What else could one wish for?
And if one wishes for more, then one shouldn't really be watching a film called Iron Man 3.

Star Trek into Darkness (2013) - Have you seen Star Trek (2009)? Well, this is like that, with less novelty and more Benedict Cumberbatch. Perfectly acceptable!

Love is All You Need (2012) - Having seen the posters with Pierce Brosnan against an Italian backdrop, I thought this was a typical Hollywood rom-com. So, I was quite surprised that this was a Danish film, for one thing, and was directed by Susanne Bier (whose last film In a Better World 2010 was an Academy Award winner). Then when the film opened with Trine Dyrholm (star of my favourite non-English-language film, Festen 1998), being told that she has cancer, my presumptions about this film were dashed. All in all, it's still a simple love story, but with some of real life's surprises and unkindnesses thrown in to keep it grounded.
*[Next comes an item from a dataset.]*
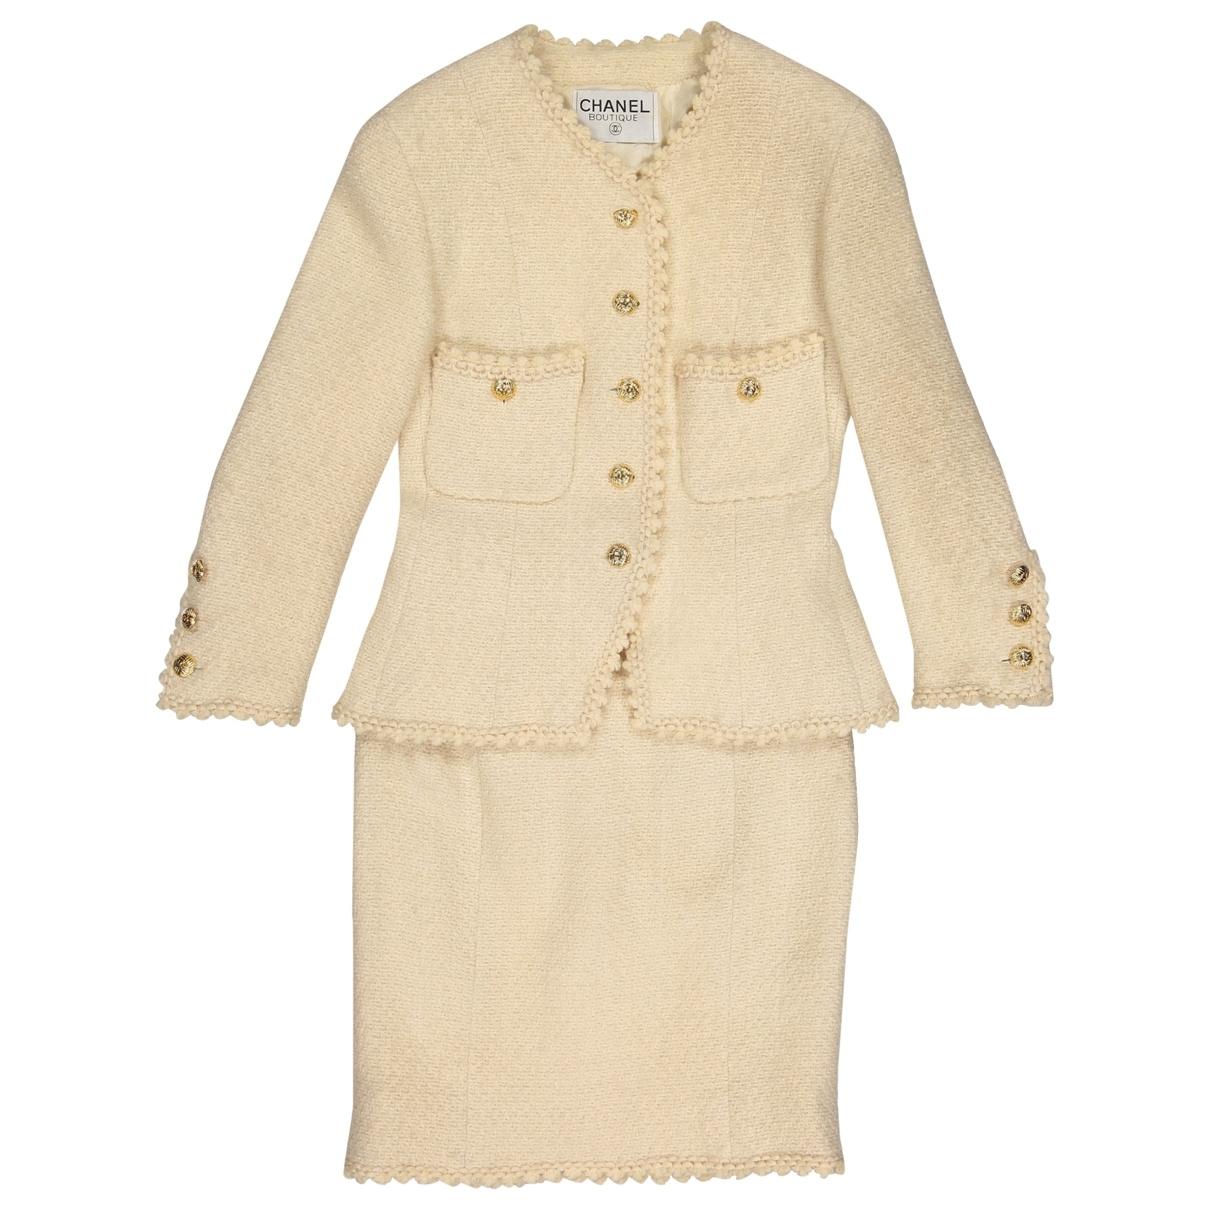 Chanel \N Kleidungsstuecke in  Ecru Wolle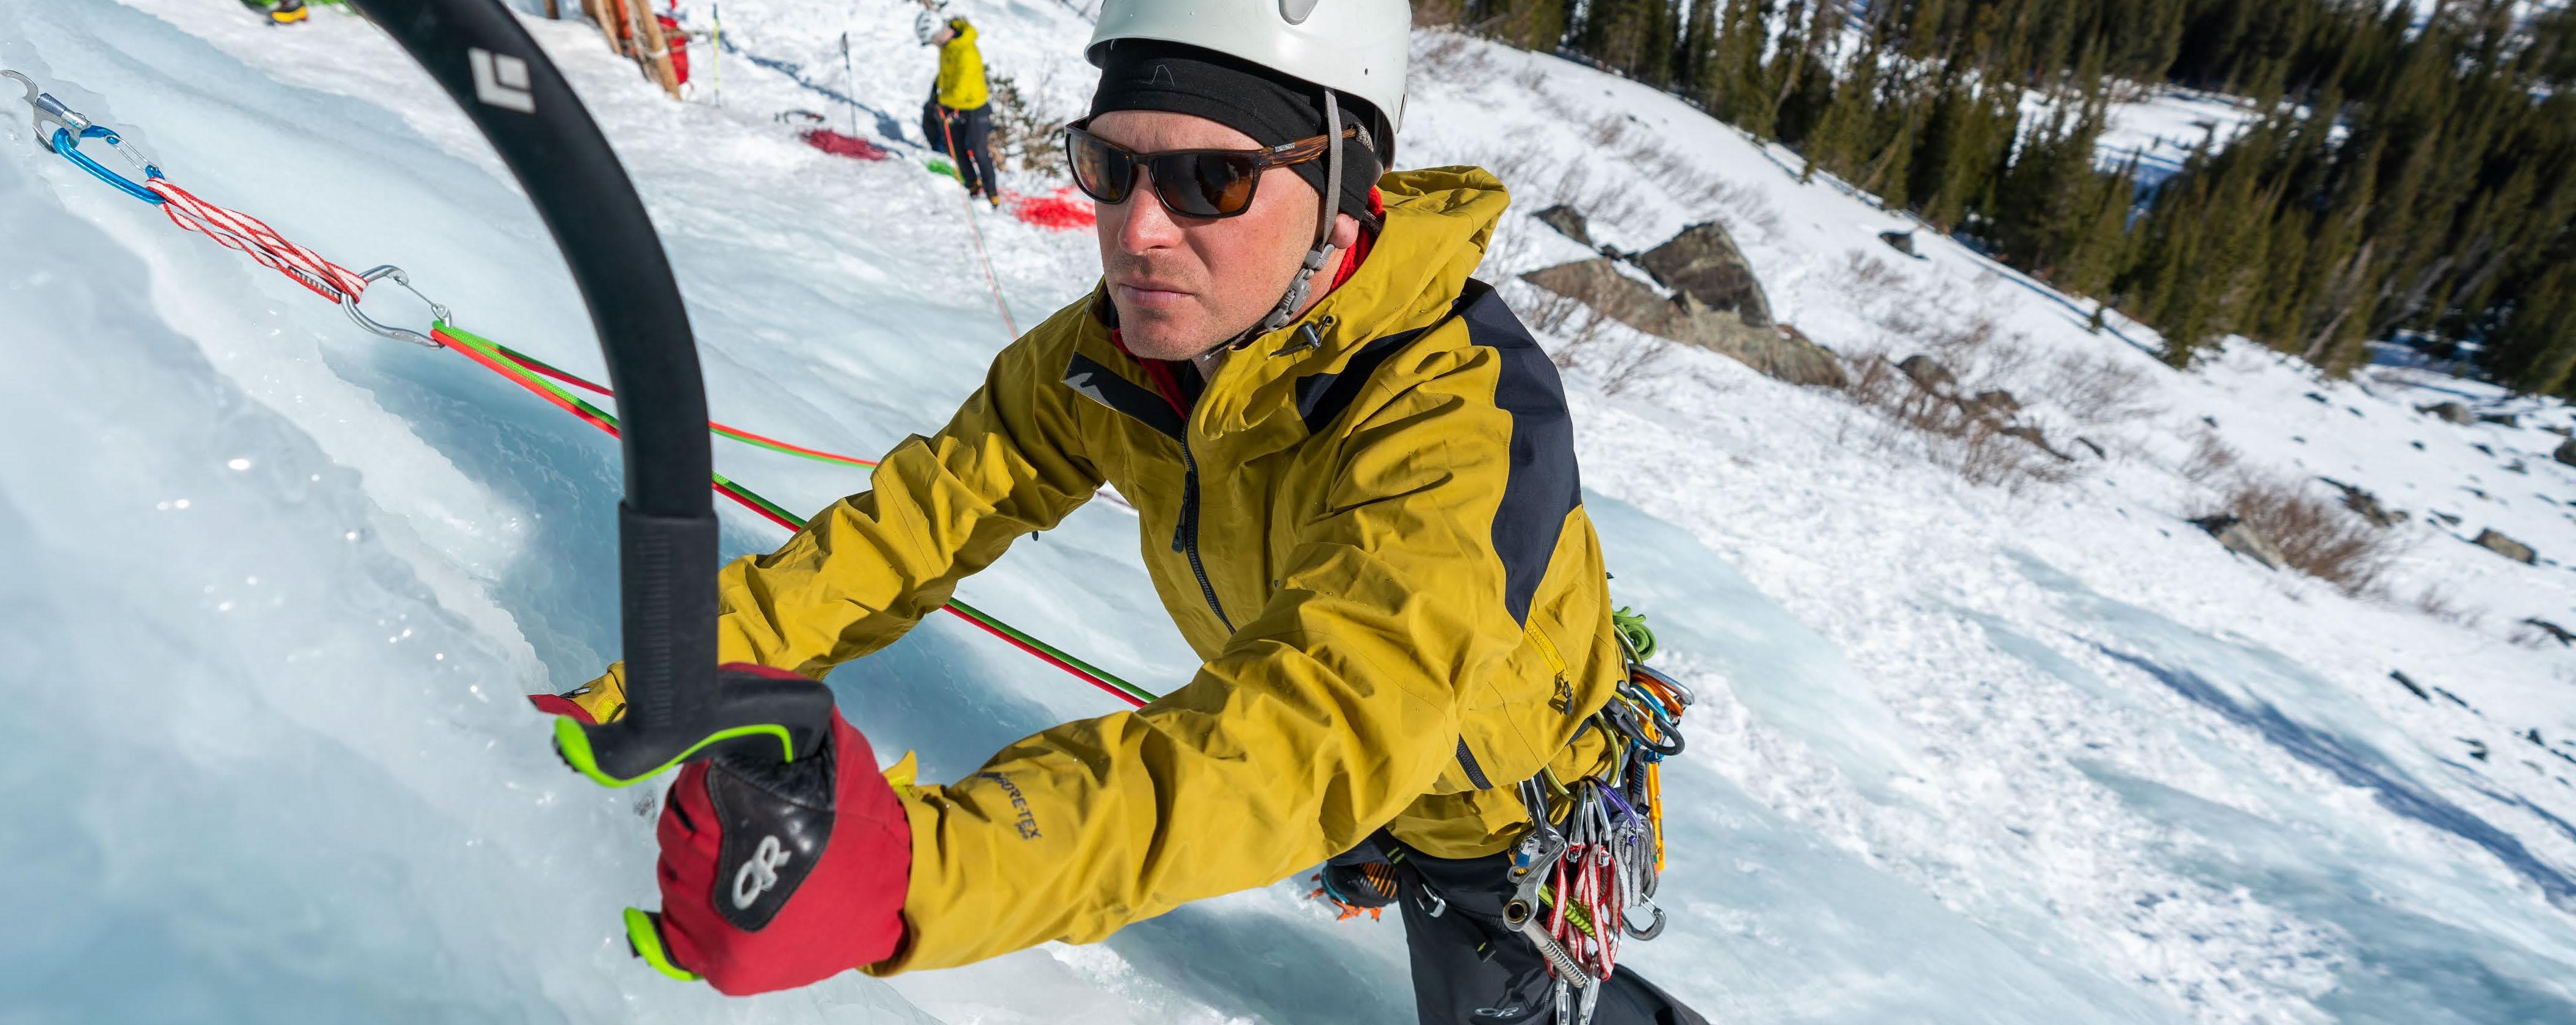 outdoorresearch-archangel-bibs-jacket-review-dirtbagdreams.com

Definitely a notch better than what I had bargained for, but to be avoided if you are averse to any sweet, romantic films.

The Place Beyond the Pines (2012) - Directed and co-written by Derek Cianfrance, of Blue Valentine (2010) fame, and starring Academy Award nominees Ryan Gosling and Bradley Cooper, this film had set high expectations. Unfortunately, it did not live up to them. The narrative is divided into three acts, and though each stands quite well on its own, each feels almost completely disjointed from the other parts, which is a major flaw here. Even the last act, which is notable for its relative 'star'-less-ness and raw intensity, would have benefited from some more integration. Also, for a film that's pretending to be slightly off the beaten track, it really is the most unsubtle parable about how crime doesn't pay. Still, despite the scripting issues, Cianfrance has managed to extract great performances from his actors, whether it is Bradley Cooper, Eva Mendes, Ben Mendelsohn, or the teenagers Dane DeHaan and Emory Cohen. Ryan Gosling, as always in my reviews, gets a separate nod. He is exquisite in his portrayal of a man suffering from senseless loyalty, intensity, bull-headedness and sheer bad luck. If this film is worth watching, it is for him and him alone. Otherwise, it's a pass.